Dirk Nowitzki: I want to help Mavs 'push through tough times'

DALLAS -- Dirk Nowitzki reaffirmed his intention to return to the Dallas Mavericks for a record-breaking 21st season.

"That's the plan," Nowitzki said before Tuesday's season finale, his first public comments since undergoing surgery last week to remove bone spurs in his left ankle. "That's why I went ahead and got the surgery, kind of get the whole process started, get the rehab process started early. I'm planning on coming back.

"I didn't miss a lot of games this year. I felt fine most of the time. I always said all year that I want to fulfill that two-year contract if possible. I saw nothing this year that was going to stop it. So, as of now, we'll see how the rehab goes the next few weeks and how the ankle responds, but obviously I'm going to work towards the season."

Nowitzki, the sixth-leading scorer in NBA history, did not rule out extending his career beyond next season.

"I'm hoping the ankle will be tons better than this year, and then I'm hoping I can play some decent basketball next year, and we'll kind of go from there," Nowitzki said. "I always kind of leave the end open. It's just hard for me at this point to commit further than one year or say one year is it. I kind of want to see how it goes."

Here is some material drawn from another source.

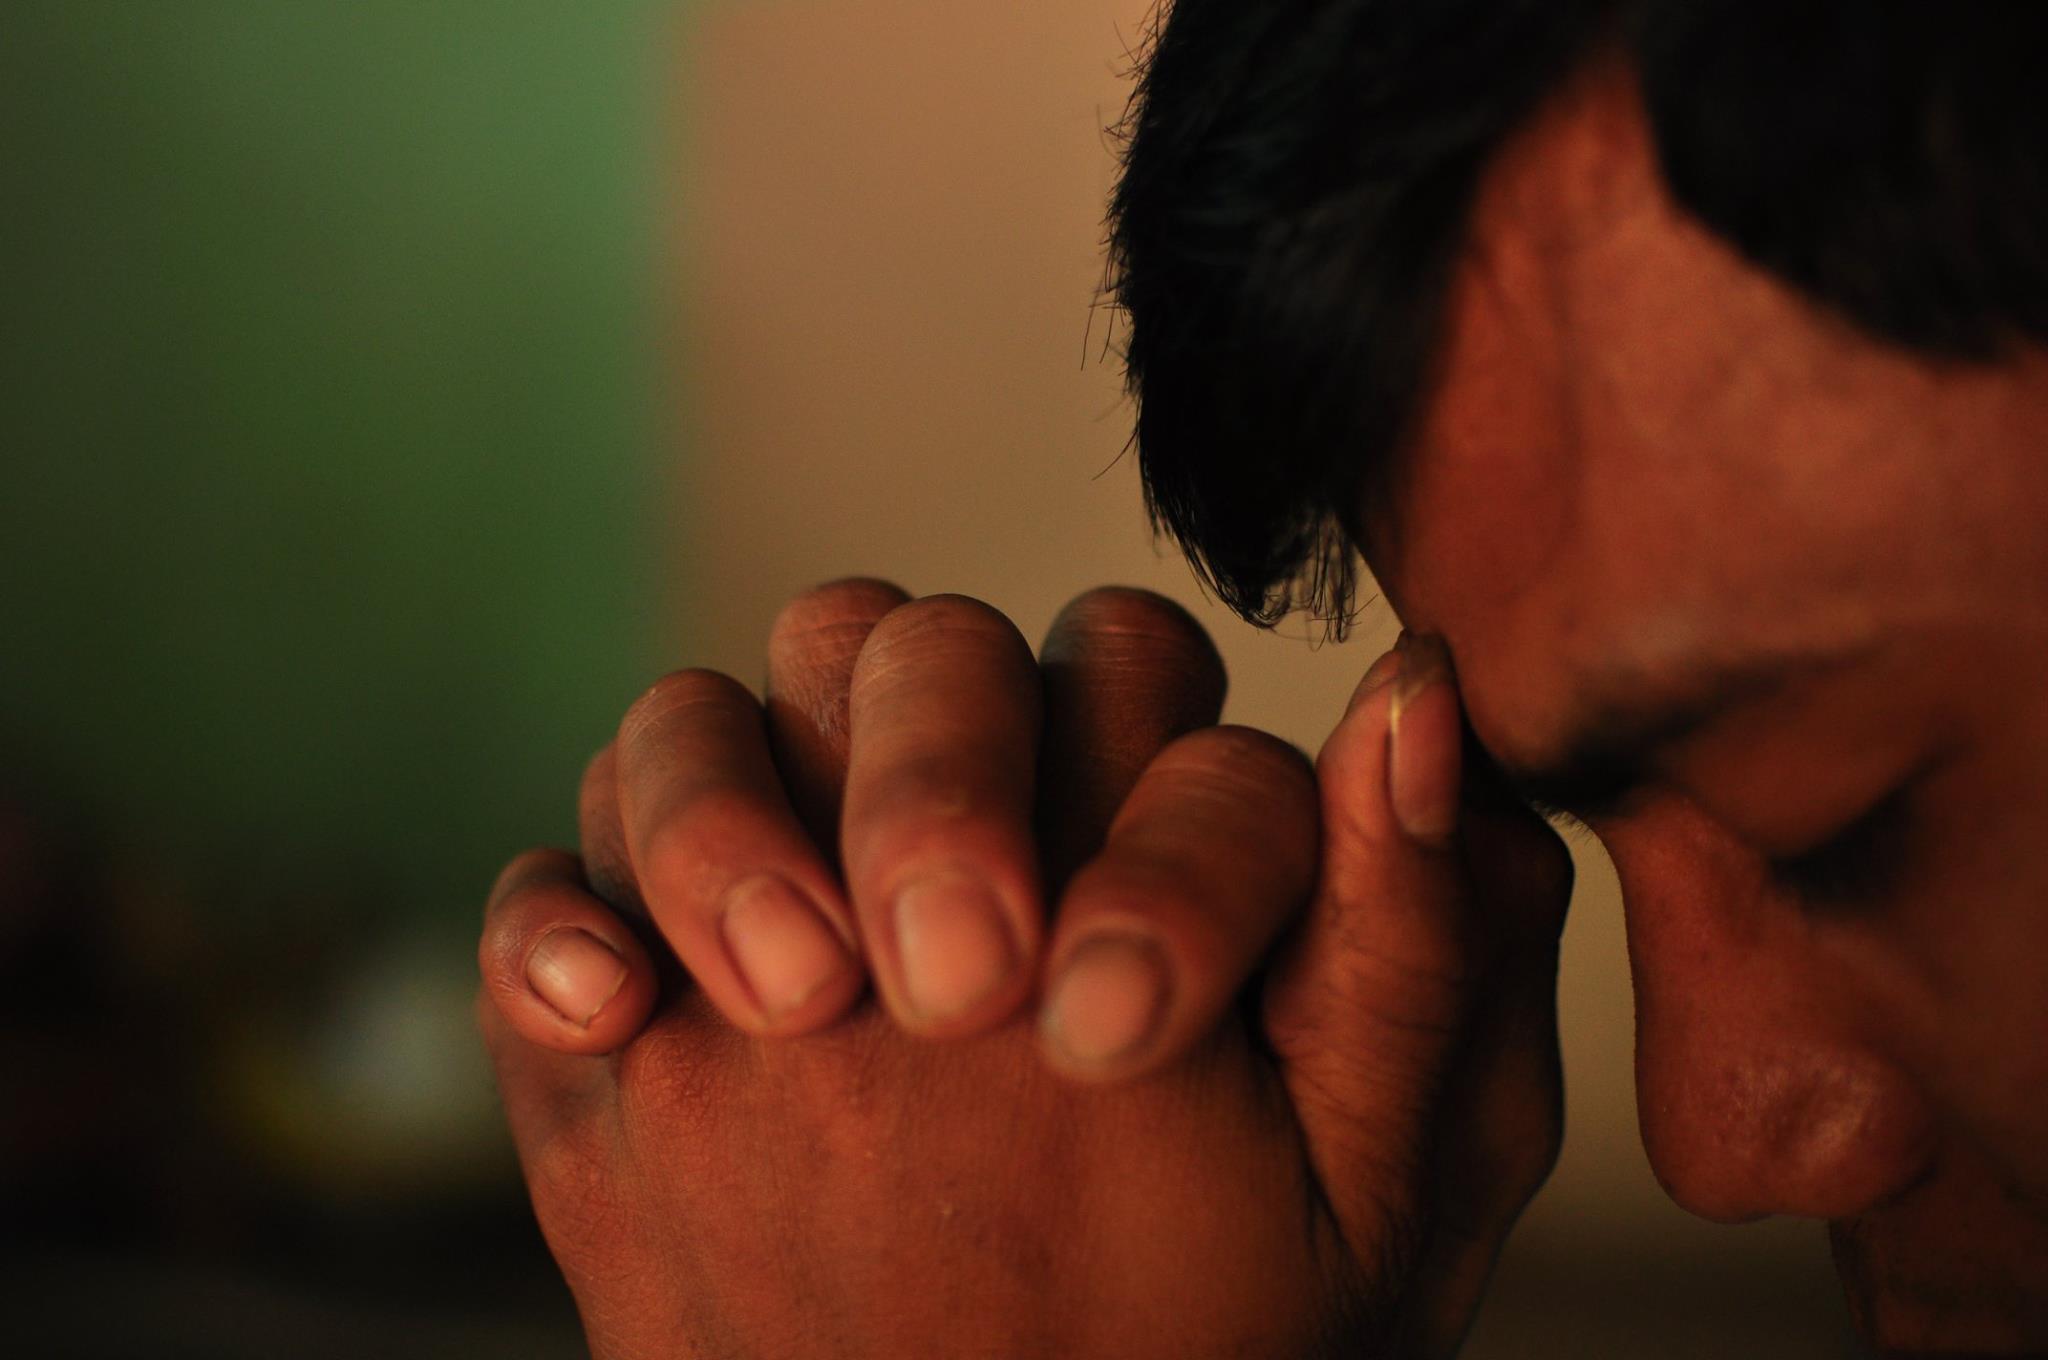 Pakistan law adds pressure on religious minorities

Nowitzki, who joins Los Angeles Lakers legend Kobe Bryant as the only players in NBA history to play 20 seasons for only one franchise, said he has known for months that he would need surgery on his ankle. He still managed to play in 77 games, the most ever for a player in his 20th season, and averaged 12.0 points and 5.7 rebounds while shooting 45.6 percent from the floor and 40.9 percent from 3-point range.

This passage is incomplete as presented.